▶ _DATA EXCERPT_

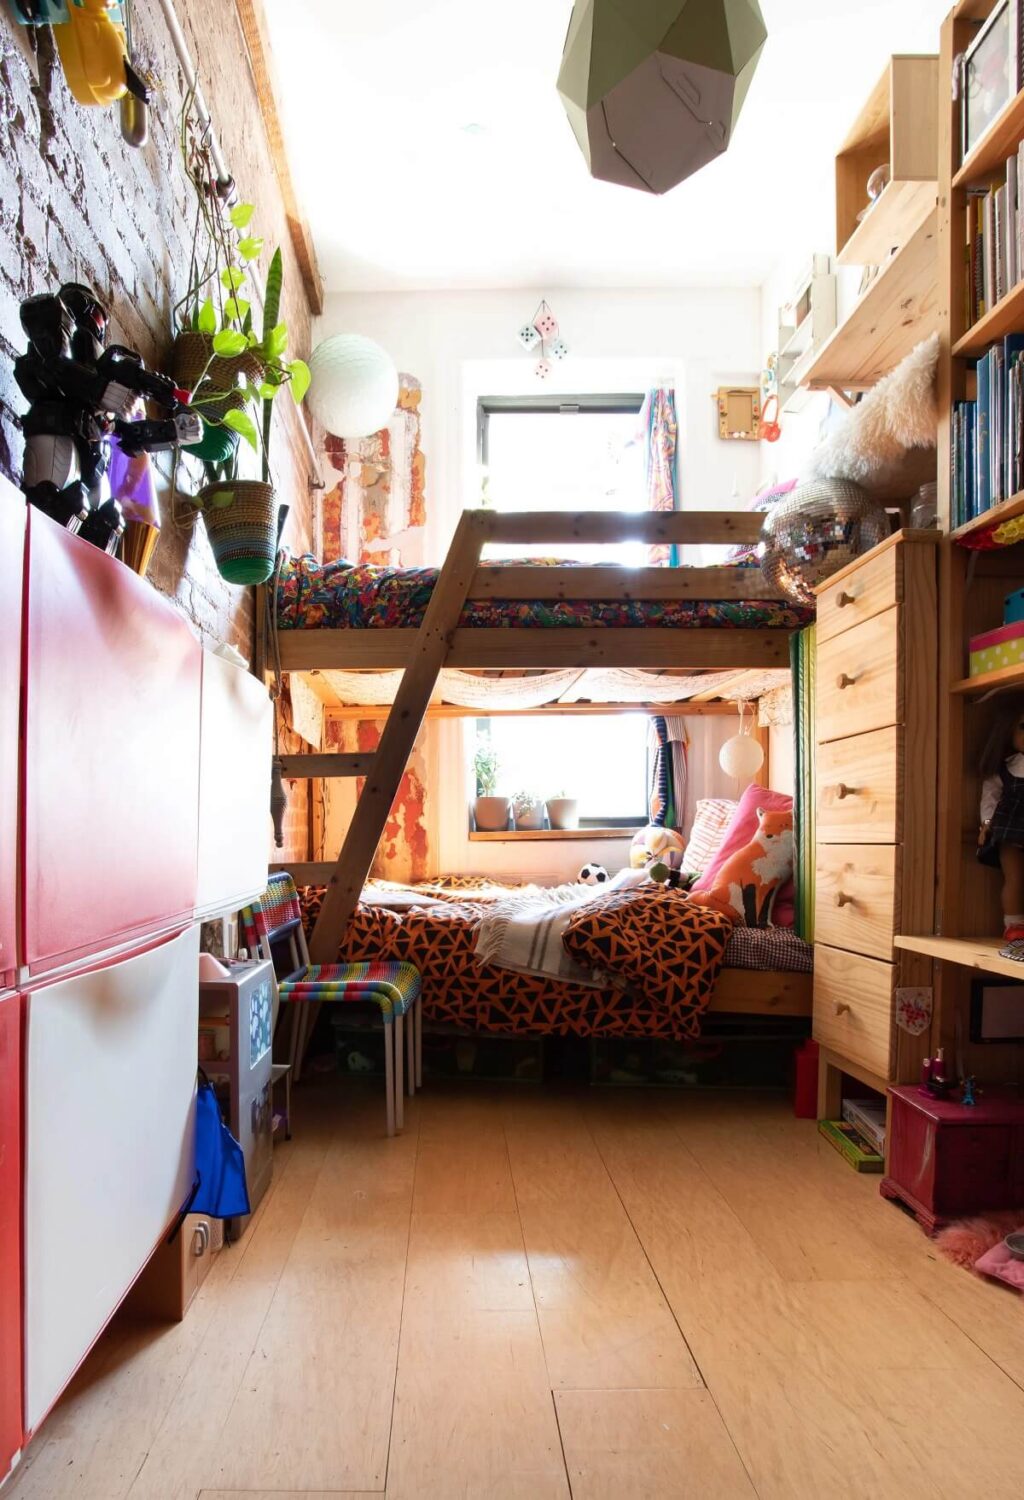 bunk-beds-floor-to-ceiling-storage-dorm-room-ideas-nordroom
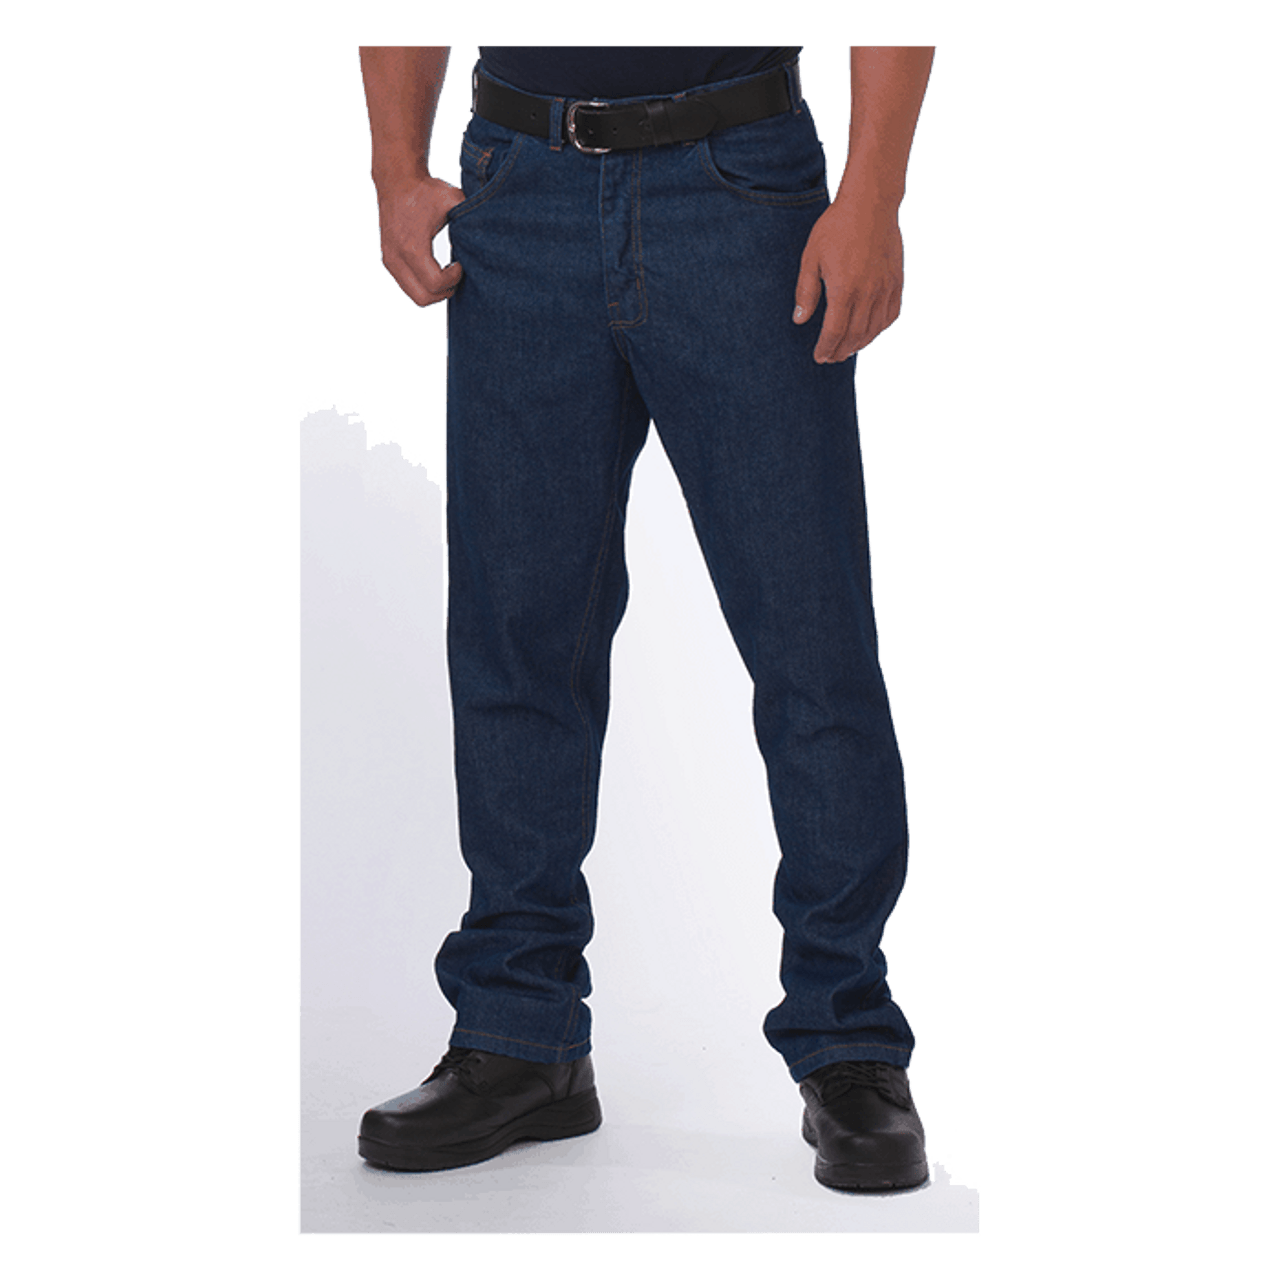 Relaxed Fit 5-Pocket Denim Jeans For Men
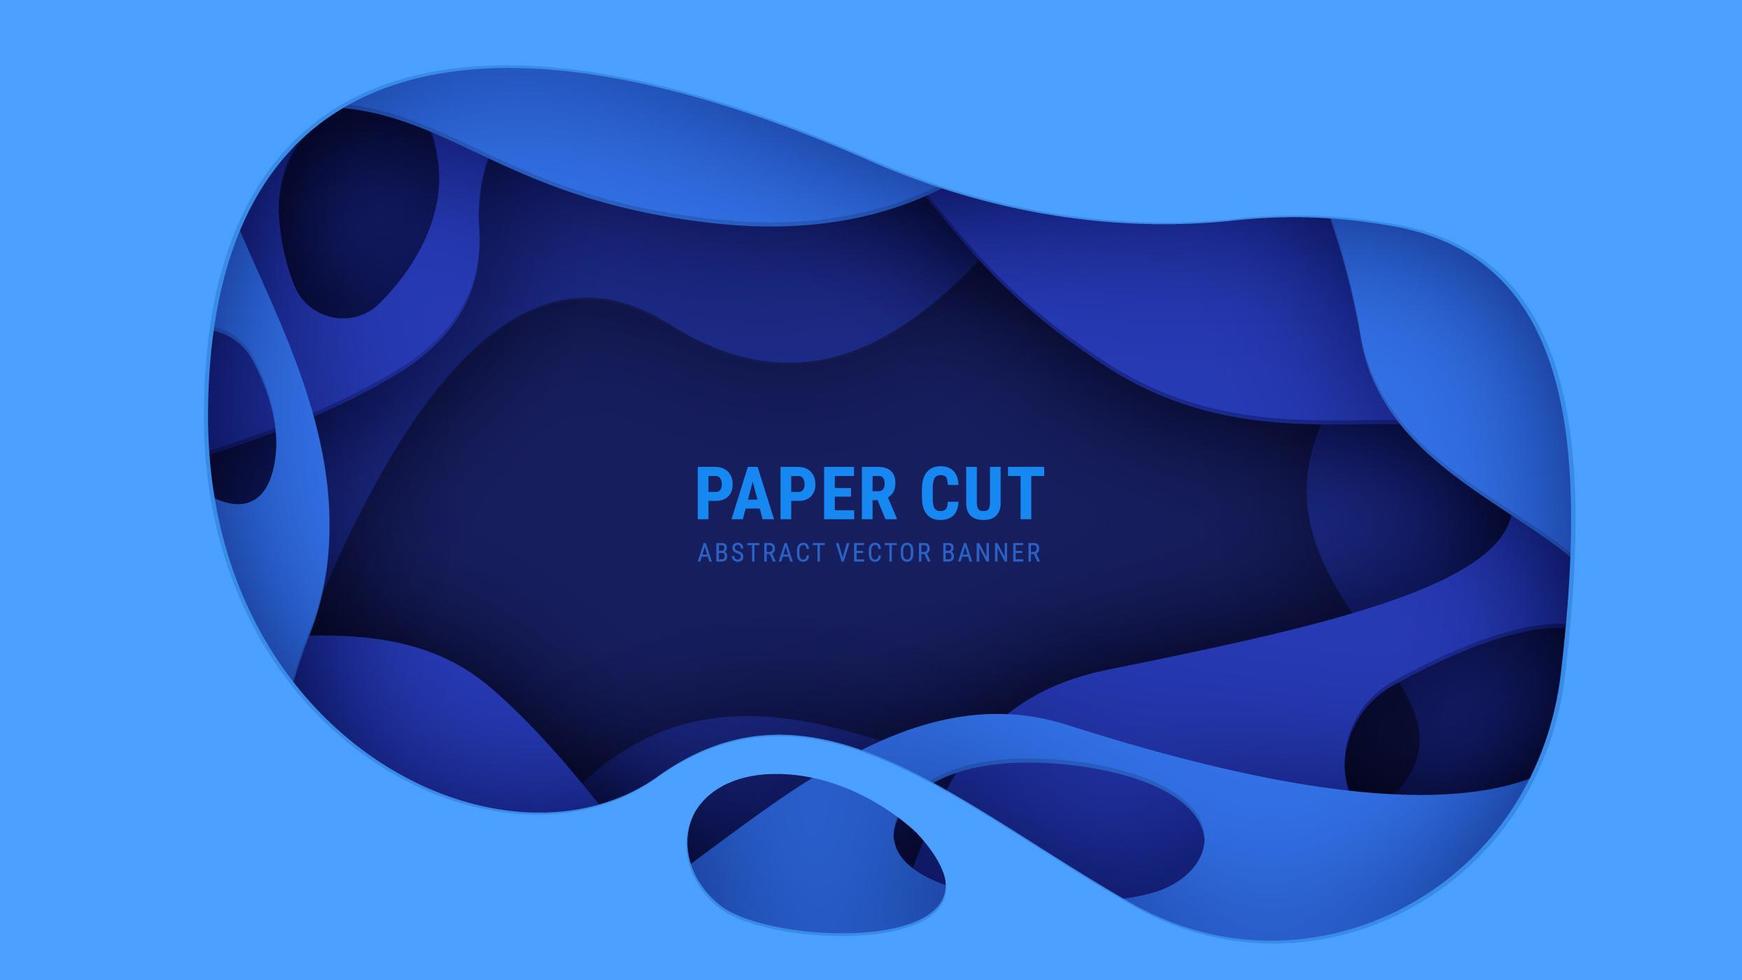 Bannière de vecteur de coupe de papier bleu abstrait 3D

▶ _WORK TO BE COMPLETED_
Could you restate all of the data above word for word and skip every picture?

▶ _EXERCISE RESPONSE_
 bunk-beds-floor-to-ceiling-storage-dorm-room-ideas-nordroom
 Relaxed Fit 5-Pocket Denim Jeans For Men
 Bannière de vecteur de coupe de papier bleu abstrait 3D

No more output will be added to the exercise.